Conclusion: DEB-TACE had similar therapeutic effects to those of cTACE. Furthermore, major complications in both therapies were similar. The superiority of DEB-TACE over cTACE remains unclear, and further research with high-quality evidence is needed.
Keywords: Drug-eluting beads, hepatocellular carcinoma, transarterial chemoembolization
How to cite this article:
Wang H, Cao C, Wei X, Shen K, Shu Y, Wan X, Sun J, Ren X, Dong Y, Liu Y, Zhai B. A comparison between drug-eluting bead-transarterial chemoembolization and conventional transarterial chemoembolization in patients with hepatocellular carcinoma: A meta-analysis of six randomized controlled trials. J Can Res Ther 2020;16:243-9 |
How to cite this URL:
Wang H, Cao C, Wei X, Shen K, Shu Y, Wan X, Sun J, Ren X, Dong Y, Liu Y, Zhai B. A comparison between drug-eluting bead-transarterial chemoembolization and conventional transarterial chemoembolization in patients with hepatocellular carcinoma: A meta-analysis of six randomized controlled trials. J Can Res Ther [serial online] 2020 [cited 2022 Mar 6];16:243-9. Available from: https://www.cancerjournal.net/text.asp?2020/16/2/243/285216 |
FNx01Hongye Wang, Cheng Cao and Xiyi Wei contributed equally to this work.
| > Introduction | |  |
Hepatocellular carcinoma (HCC) is one of the most prevalent cancers worldwide, responsible for approximately 1 million death/year.[1] Infection of hepatits B virus (HBV) and hepatitis C virus (HCV) is the leading cause of HCC in China. In addition, most patients suffer from infection-induced liver cirrhosis before it deteriorates to HCC.[2] More than 500,000 new cases are diagnosed each year, and most patients have already progressed to the advanced stage at diagnosis.[3] Despite the availability of curative therapies for early-stage HCC, such as liver transplantation, surgical resection, radiofrequency ablation, and percutaneous alcohol injection, the prognosis of intermediate HCC remains poor.[4]
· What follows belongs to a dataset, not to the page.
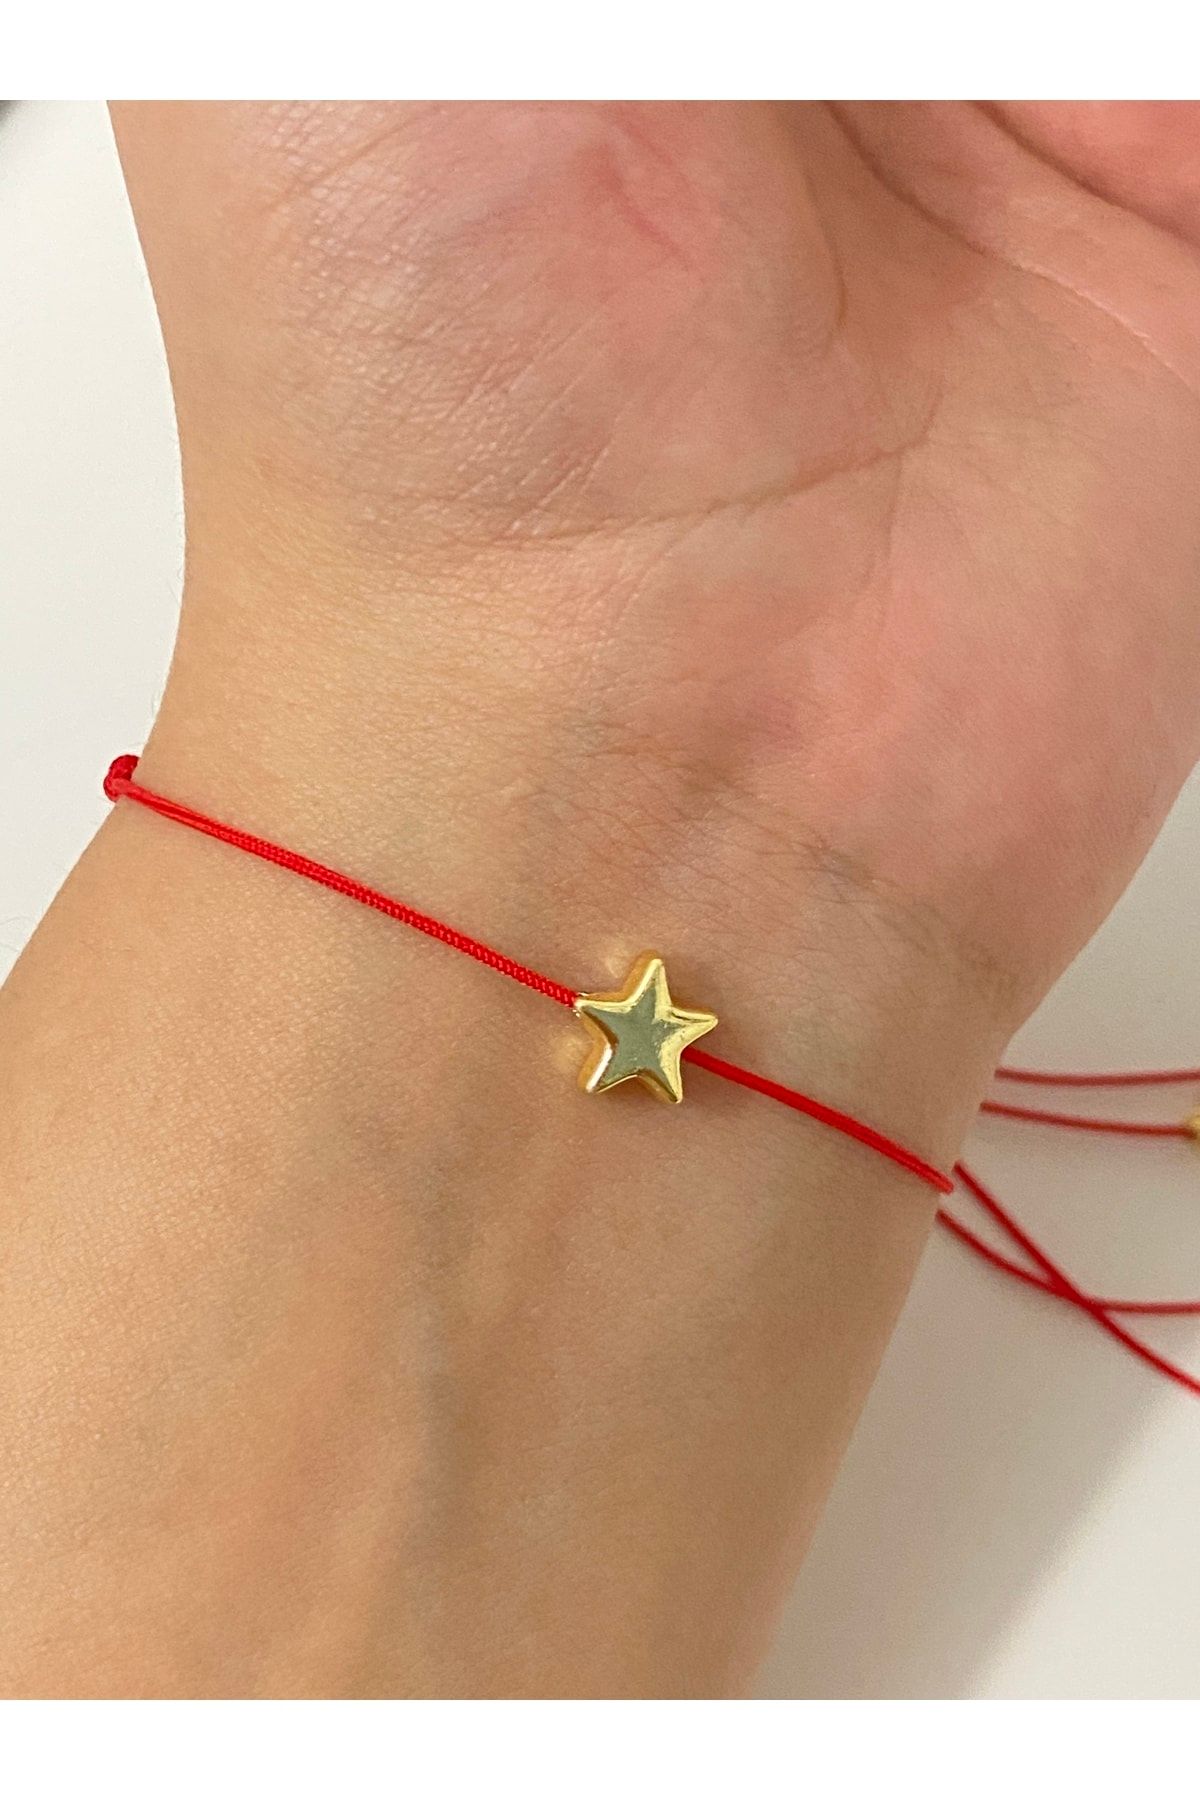 Inseparabile bracelet, star – islafontaine

According to the guidelines of the American Association for the Study of Liver Disease, one of the recommended therapies for unresectable intermediate HCC (Barcelona clinic liver cancer (BCLC) Stage B, multifocal HCC, or large carcinoma with no vascular invasion nor extra-hepatic metastasis and with a Child-Pugh score of A/B) is transarterial chemoembolization (TACE).[5],[6] Liver tumors are sensitive to hypoxia, and TACE utilizes gelatin for embolization of the blood vessels that nurture the tumor and for delivering lipiodol and epirubicin to increase the local drug concentration, leading to tumor infraction and necrosis.[7] Some randomized controlled trials (RCTs) have confirmed that patients can benefit from TACE, and that a combination of TACE and other therapies can improve patient survival.[8],[9],[10]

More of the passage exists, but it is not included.